Bastava la provvidenza del Padreterno. E tutti si davano da fare. Chi a dissodare le campagne, chi a ferrare i cavalli, chi a costruire carretti, chi a fabbricare case e tuguri o innalzare muretti e furnieddhi o trulli, chi a cucire o rivoltare abiti o a sistemare porte e finestre. Era una società che funzionava. E nessuno stava con le mani in mano. Come nulla andava perduto.

Anche le olive cadute fuori dal cerchio degli alberi o le spighe lasciate indietro dai mietitori servivano per vedove, orfani e poveri, come la legna dei boschi o della macchia. La Costituzione sancì la sacralità del lavoro: “L’Italia è una Repubblica fondata sul lavoro”. Sul lavoro e sulla istruzione. Tutti dovevano lavorare e tutti dovevano andare a scuola. Altro che cambiamento: era una rivoluzione. E i contadini/braccianti, diventati manovali e poi operai, fecero grande l’Italia e riscattarono la storia del Sud.
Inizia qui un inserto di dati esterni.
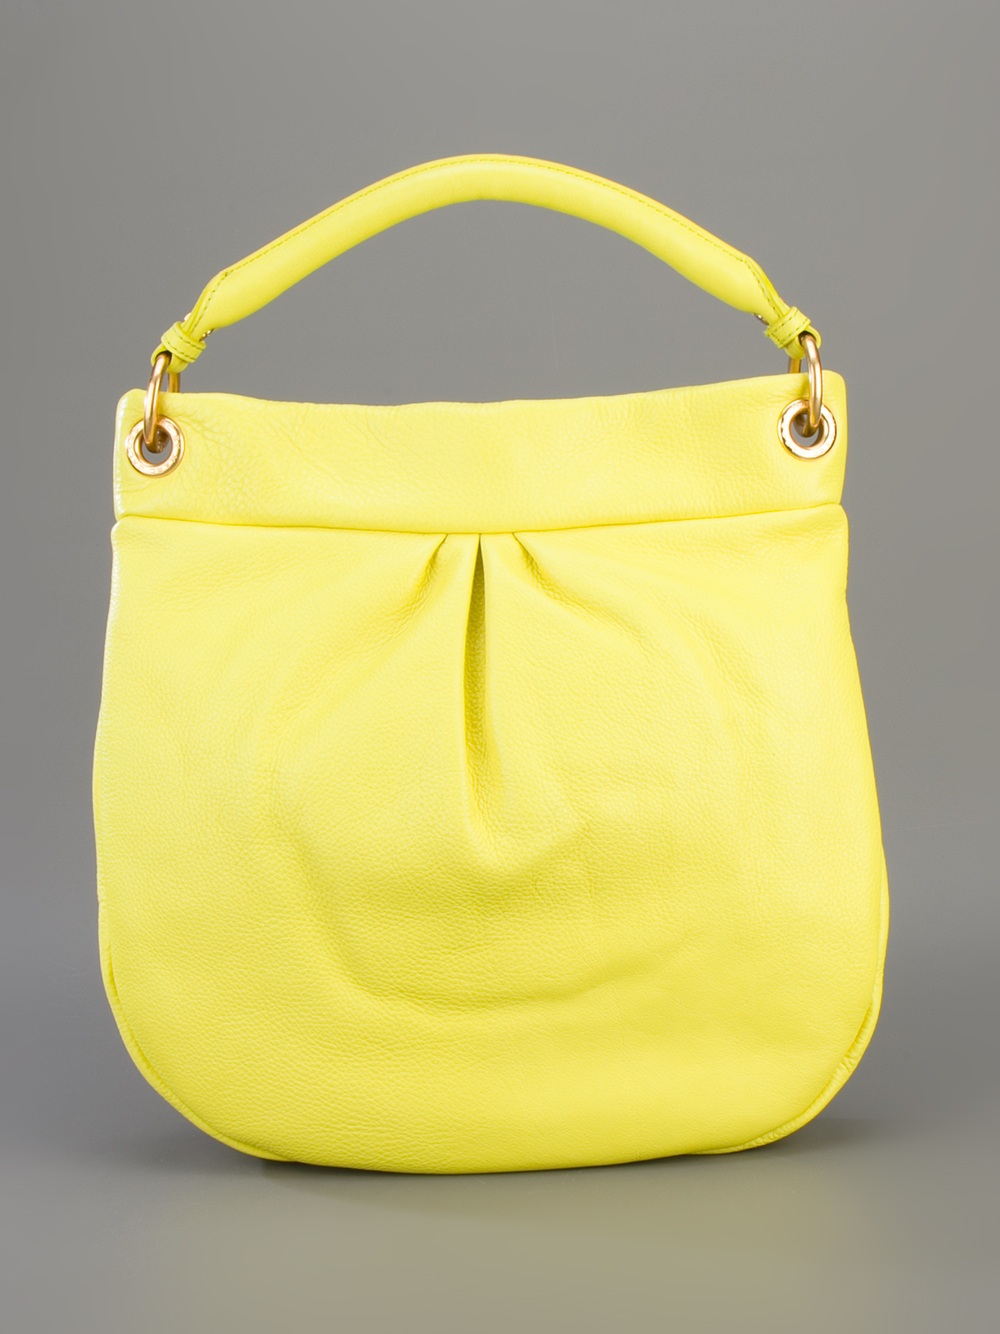 Marc By Marc Jacobs The Classic Q Hillier Hobo Tote Bag in Yellow - Lyst

Di giorno a lavorare e di sera a studiare. Sono venuti fuori fior di operai e artigiani, imprenditori anche e persino poeti. I tuguri vennero sostituiti da case come Dio comanda. I figli dei contadini presero la via dell’estero e delle fabbriche. E mandavano soldi ogni mese con cui la famiglia andava avanti mentre i padri costruivano le nuove abitazioni per quando quelli sarebbero tornati e si sarebbero sposati mettendo su famiglia, mandando a scuola i figli e insegnando loro che il lavoro e l’istruzione erano i binari su cui bisognava camminare.
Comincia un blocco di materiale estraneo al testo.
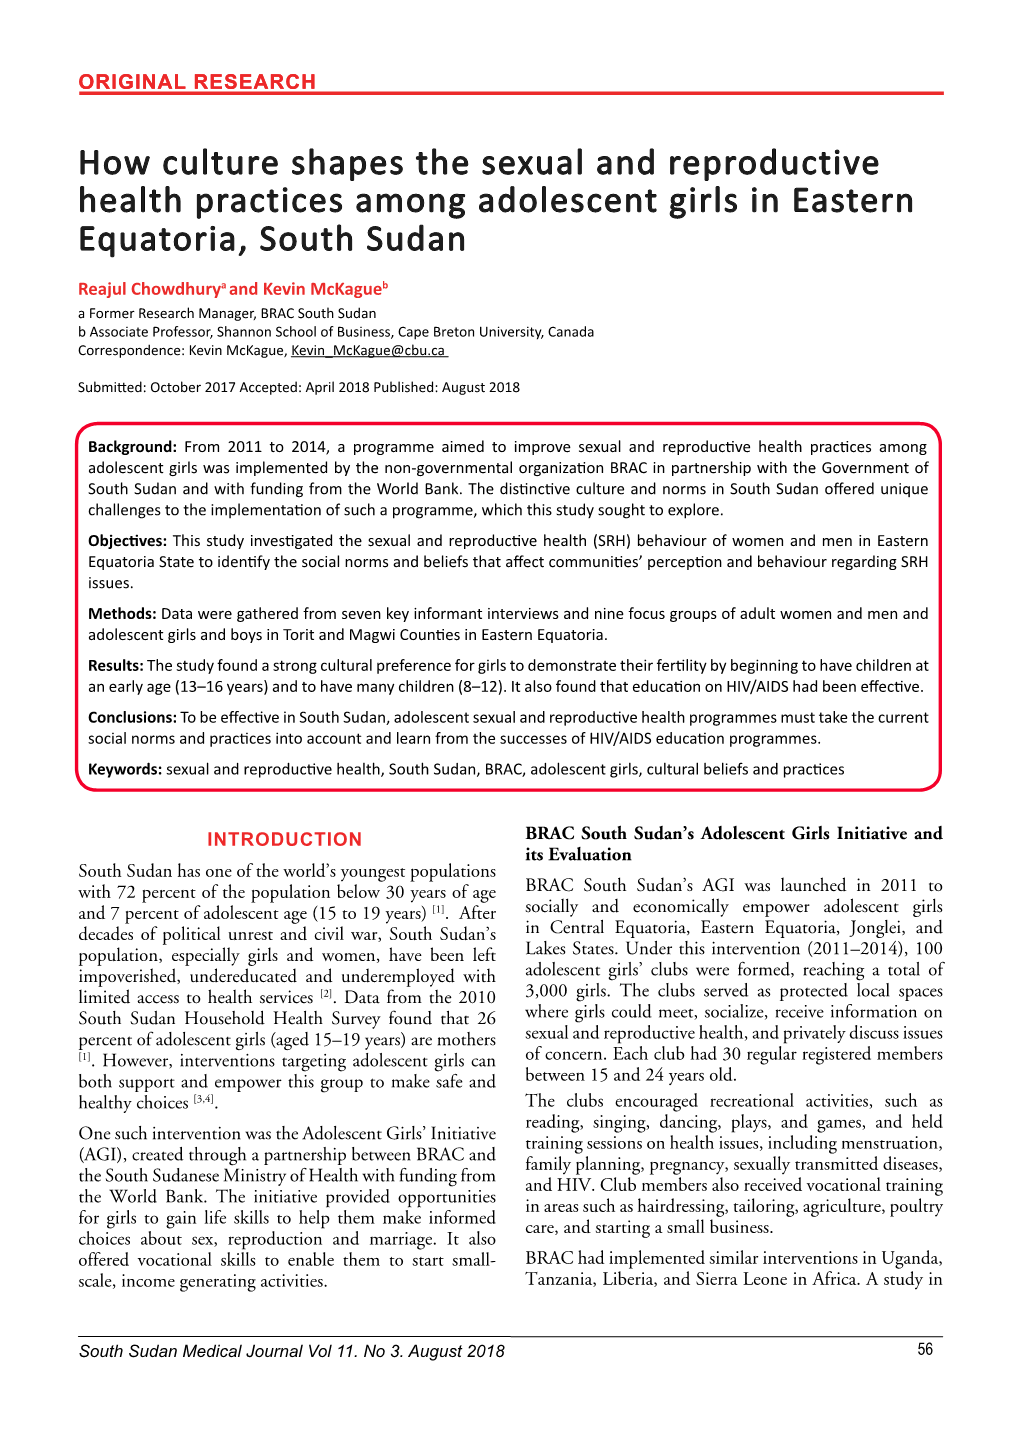 How Culture Shapes the Sexual and Reproductive Health Practices Among Adolescent Girls in Eastern Equatoria, South Sudan

Poi qualcosa si ruppe. Veneto, Emilia-Romagna, Lombardia, Piemonte e Liguria si misero a correre. Il Sud rimase a guardare. Eppure non erano pochi i casi di amicizie nate in Germania tra ex contadini pugliesi ed ex contadini veneti, tra liguri e lucani, calabresi e piemontesi. Tutti diventati, insieme, manovali e operai, artigiani e piccoli imprenditori. Il fatto è che mentre nel Mediterraneo e intorno alle terre del Sud divampavano le guerre di liberazione dell’Africa e del Medio Oriente, sul Mare del Nord ci si attrezzava per creare la società dei consumi. L’America dettava tempi e ritmi e spargeva soldi in abbondanza. A nord costruivano strade e ferrovie, il Mezzogiorno guardava.

Il Mediterraneo, intanto, restava teatro di guerra. La guerra fredda tra comunismo e democrazia, Oriente e Occidente, aveva sostituito le guerre di liberazione africana, i Balcani avevano le loro gatte da pelare tra Russia e Cina e l’Albania catturava i pescatori che si avventuravano al largo dell’Adriatico scambiandoli per spie. Intanto il Nord correva e il Sud deperiva. I campi erano stati abbandonati. Le poche fabbriche erano state messe fuori gioco dalla globalizzazione. Certo, resistevano le eccellenze. Ma quelle erano eccezioni e le eccezioni confermano la regola e la regola era che l’Italia non sapeva che farsene del Sud. Pure l’agricoltura era stata ridotta all’osso e le grandi fabbriche avevano chiuso.

Erano rimasti solo i mastodonti inquinanti e mortiferi come l’Ilva, l’Italsider, le raffinerie, le centrali elettriche a carbone, e i tumori aumentavano a vista d’occhio mentre gli operai diminuivano. I sogni dello sviluppo del Mediterraneo e del Mezzogiorno italico legati a Enrico Mattei e Adriano Olivetti erano svaniti. Drammaticamente fatti svanire con i loro profeti.

Ormai il paradigma atlantico che aveva condotto all’abbattimento del muro di Berlino e alla costruzione del villaggio globale, aveva vinto su tutta la linea. Anche a sud. Dappertutto dottori e ingegneri, diplomati e laureati e voglia di bere spritz o metropoli ovunque queste stessero. Tanto volare non era più un problema. Andavi e tornavi e pure la nostalgia non era un impedimento. Anzi non esisteva proprio più. Poi di nuovo qualcosa si è rotto. A furia di produrre e consumare il meccanismo si era inceppato. Il paradigma atlantico non era più l’unico e nemmeno vincente, addirittura.